AIM OF THE EXERCISE: Find "Μια γυναίκα που" in the material below, then write out that line and every line after it exactly, ending with the last one; skip the pictures.

PROVIDED MATERIAL:
☆ ☆ ☆ ☆ ☆
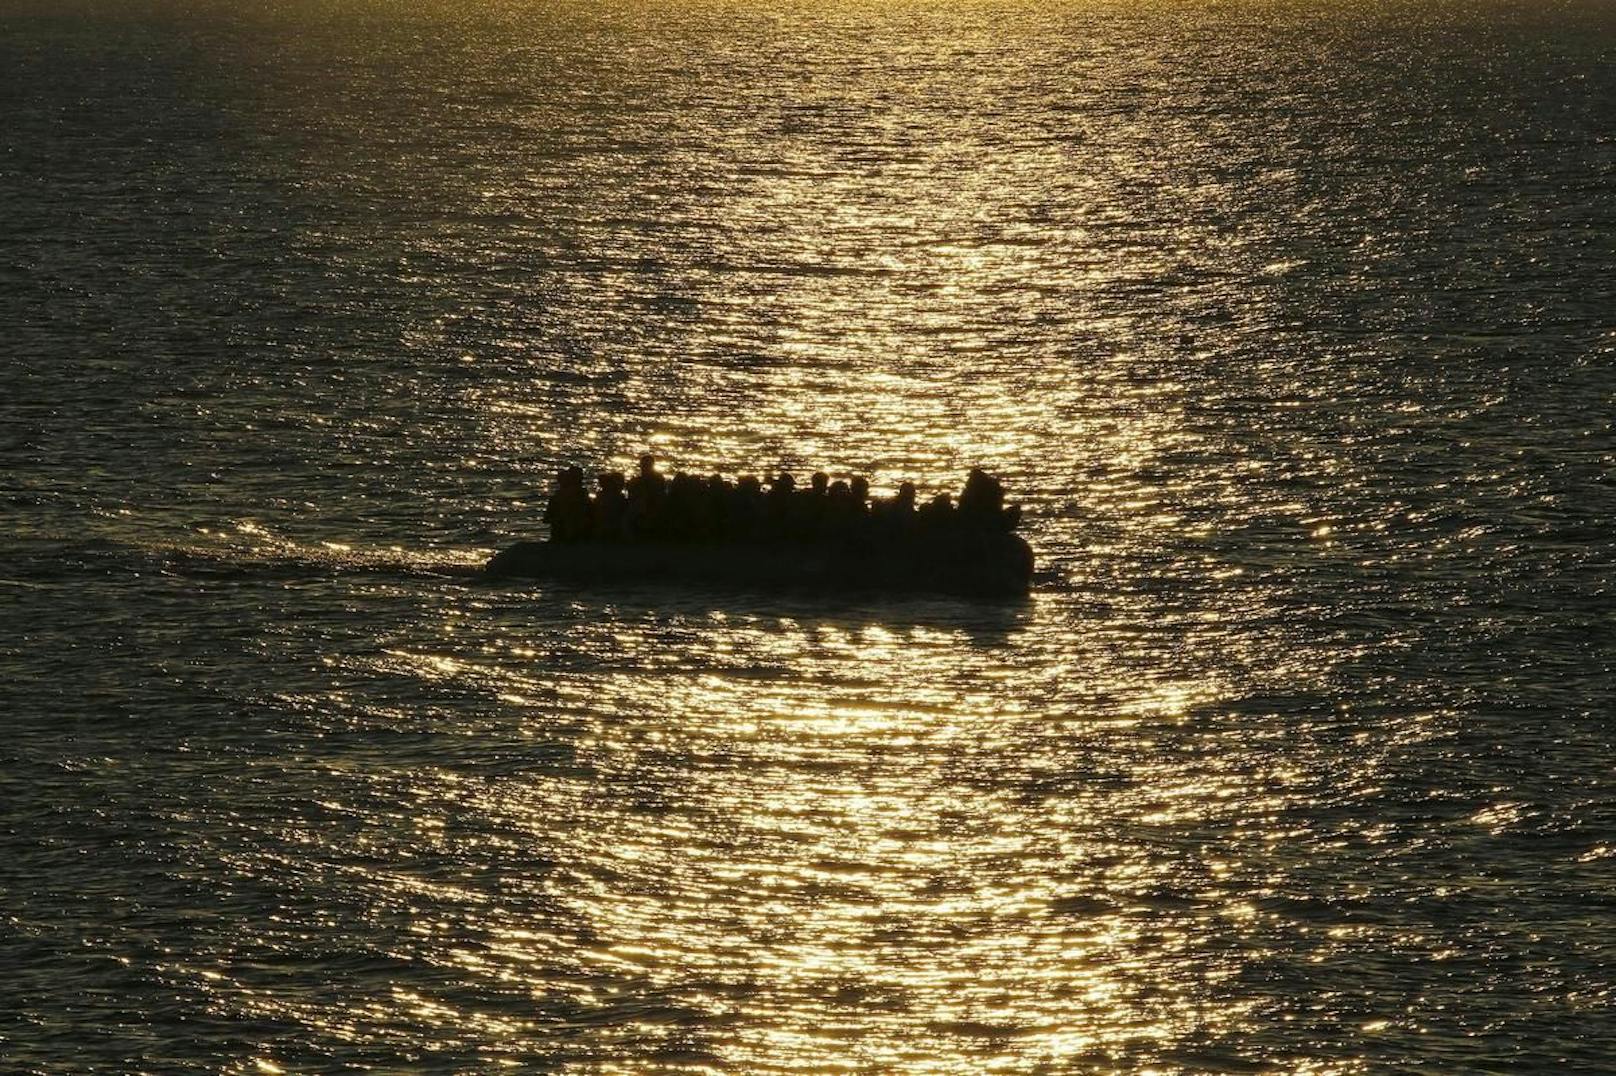 Immer wieder versuchen Flüchtlinge per Boot von Afrika nach Europa zu gelangen.
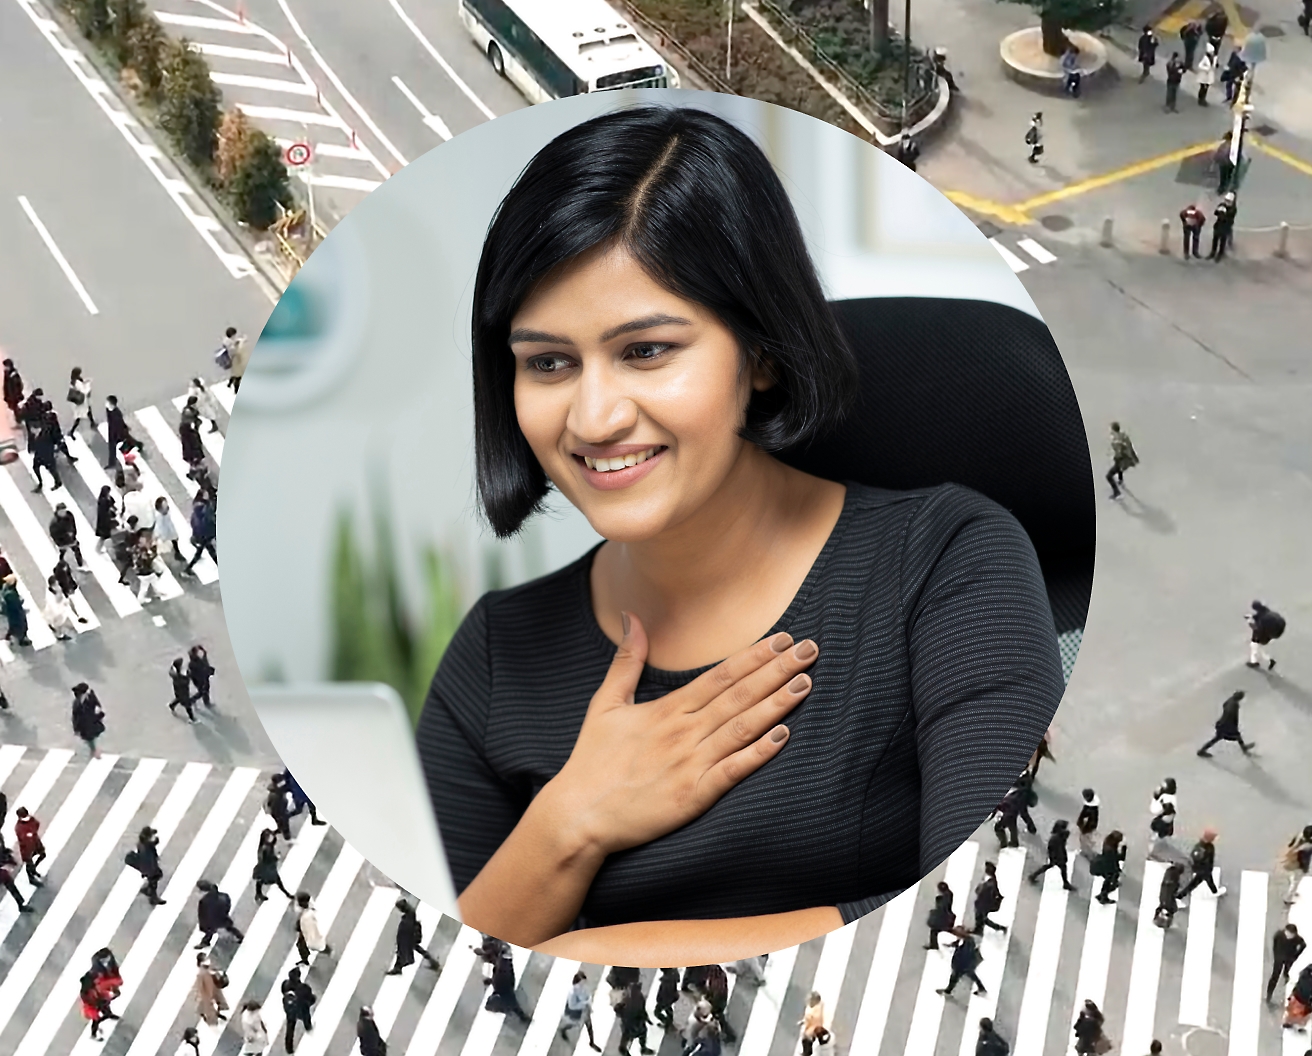 Μια γυναίκα που κρατά το χέρι της στο σεντούκι της ενώ εργάζεται στον φορητό υπολογιστή της, η εικόνα φόντου ορίζεται ως διασταύρωση δρόμου με άτομα που περνούν
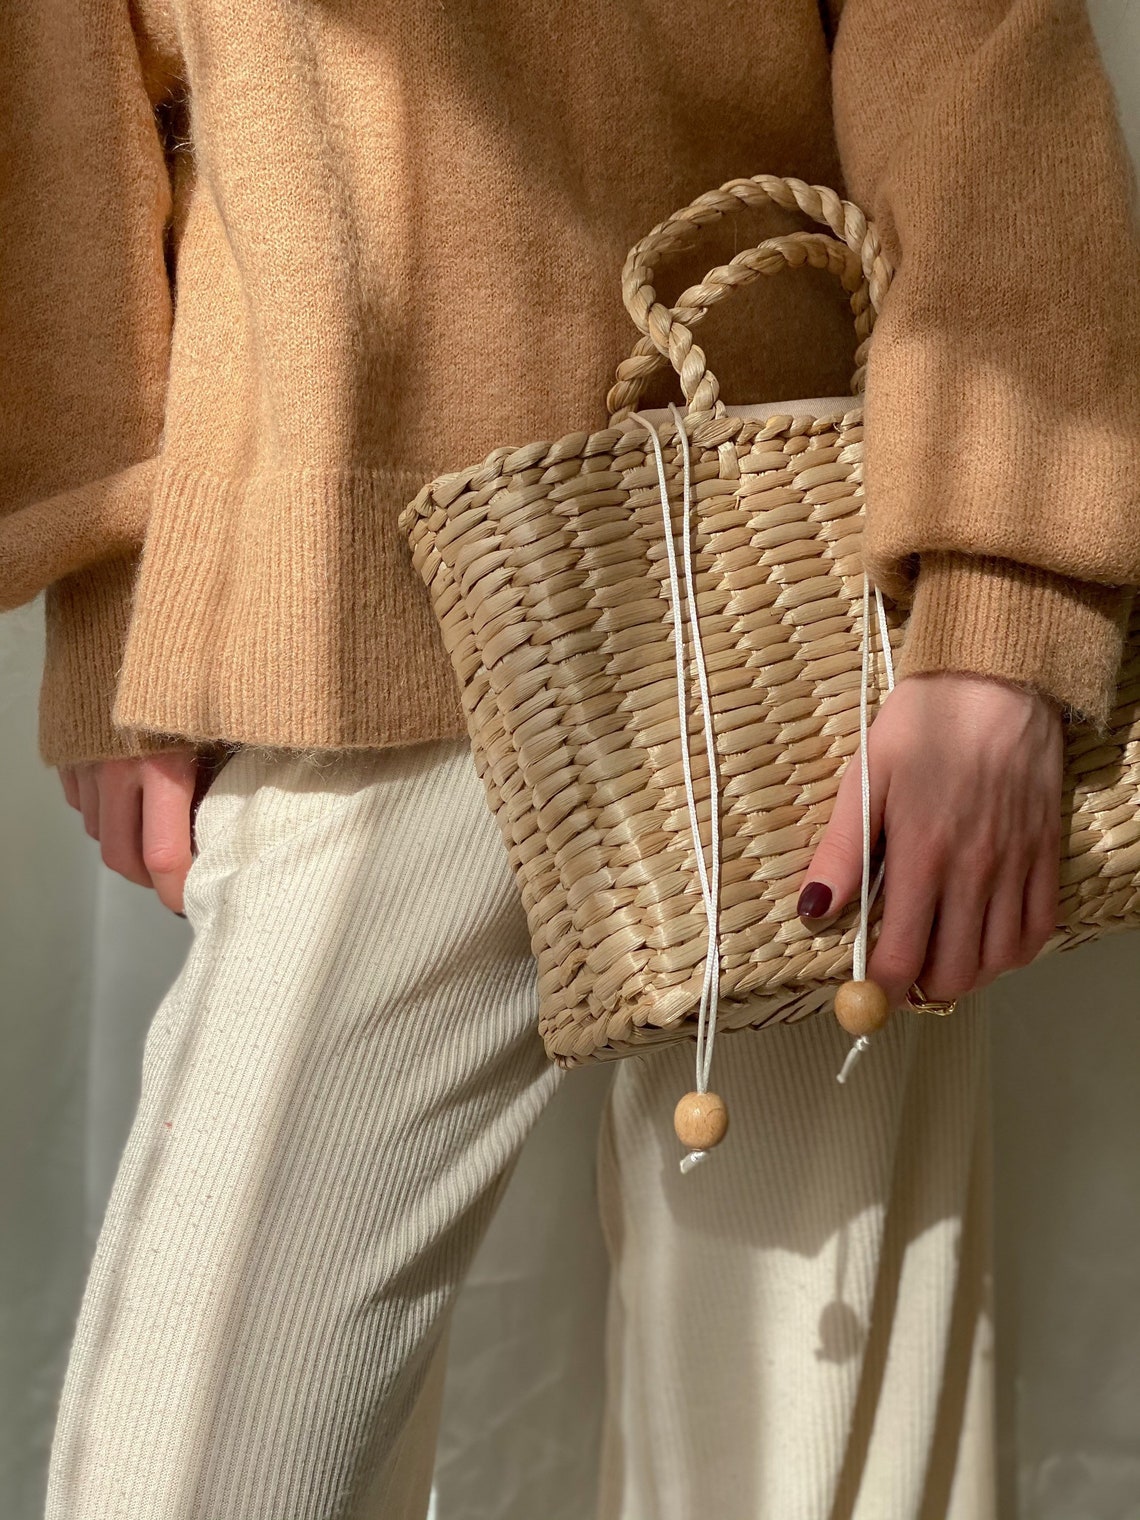 Handmade Summer Bag Woven Straw Tote Handbag | Etsy
☆ ☆ ☆ ☆ ☆
TASK OUTPUT:
 Μια γυναίκα που κρατά το χέρι της στο σεντούκι της ενώ εργάζεται στον φορητό υπολογιστή της, η εικόνα φόντου ορίζεται ως διασταύρωση δρόμου με άτομα που περνούν
 Handmade Summer Bag Woven Straw Tote Handbag | Etsy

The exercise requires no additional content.